For Frank Sinatra, the thematic content of "Nice 'N' Easy" aligned perfectly with the public persona he had constructed across two decades of performance. By 1960, Sinatra represented in the popular imagination a certain kind of confident, worldly American masculinity that knew how to move through the world with grace and apparent effortlessness. This persona was not simply a commercial construction but a genuine expression of Sinatra's own values and self-understanding, shaped by his particular experience of success, failure, and hard-won recovery. When he sang about taking things nice and easy, the message carried the authority of personal conviction rather than merely commercial calculation.

The Philosophy of Ease

The philosophical content of "Nice 'N' Easy" connects it to a broader tradition of American popular wisdom about the relationship between effort and achievement. The song's central argument is not that one should avoid effort but that the right kind of effort is characterized by relaxation and naturalness rather than strain and anxiety. This is a genuinely useful distinction that has resonance in contexts far beyond romantic relationships, which provides the song's immediate subject matter but clearly functions as a vehicle for a more general life philosophy.

Nelson Riddle's arrangement embodies this philosophy in musical terms. The effortless swing of the rhythm section, the cushioning warmth of the strings, and the conversational naturalness of Sinatra's phrasing all enact the quality of ease that the lyric advocates. The musical and verbal content are thus in perfect alignment, with each reinforcing and illustrating the other. This kind of coherence between lyrical content and musical execution was a hallmark of the best Capitol Records productions of the late 1950s and early 1960s and was one of the reasons these recordings have retained their appeal across successive generations of listeners.

Legacy in the Sinatra Catalog and Beyond

"Nice 'N' Easy" occupies an important position in the Sinatra catalog as a song that captured both the man and his moment with particular clarity. The early 1960s were a transitional period in American popular music, and Sinatra's ability to record with the sophistication and emotional intelligence demonstrated on this track while the market around him was shifting dramatically toward rock and roll and other new idioms testified to the depth and authenticity of his artistic commitment. He was not simply following commercial trends but working within a tradition he had helped define and in which he retained complete mastery.

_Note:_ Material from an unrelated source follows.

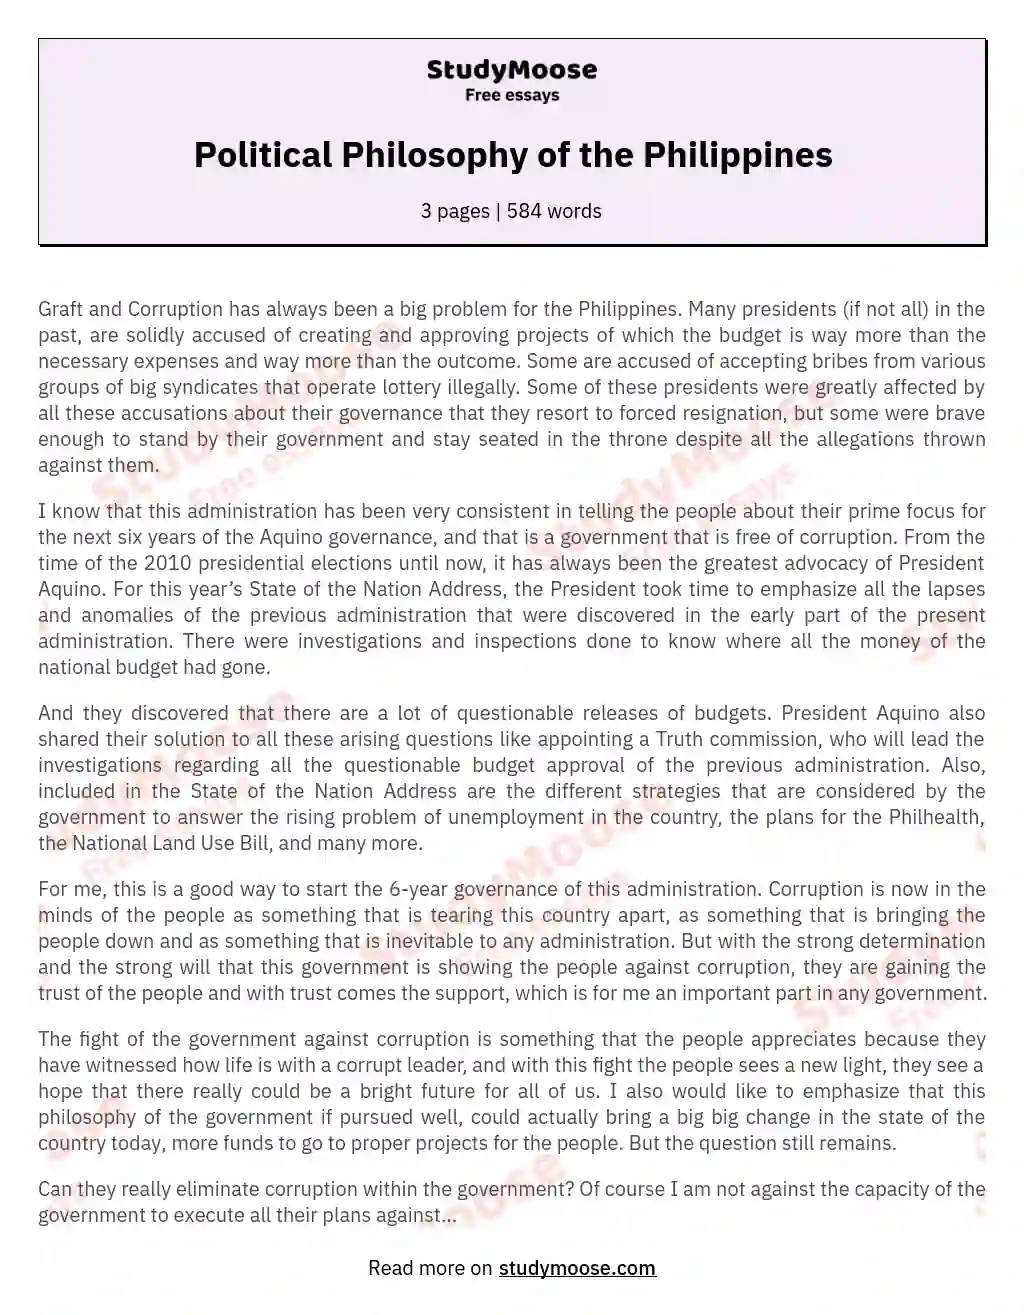 Political Philosophy of the Philippines essay

The song's legacy extends beyond Sinatra himself to encompass the entire tradition of the Great American Songbook in its mid-century popular incarnation. "Nice 'N' Easy" has been covered by numerous artists over the decades, each finding in it a slightly different angle of approach while the underlying musical and lyrical quality has continued to sustain interest. For many listeners it serves as an introduction to the world of sophisticated popular song that Sinatra helped create and define, a world characterized by melodic elegance, harmonic richness, and the kind of emotionally intelligent lyric writing that the Bergmans represented at their considerable best. The Capitol Records era of Sinatra's career remains one of the most studied and celebrated periods in the entire history of American popular music.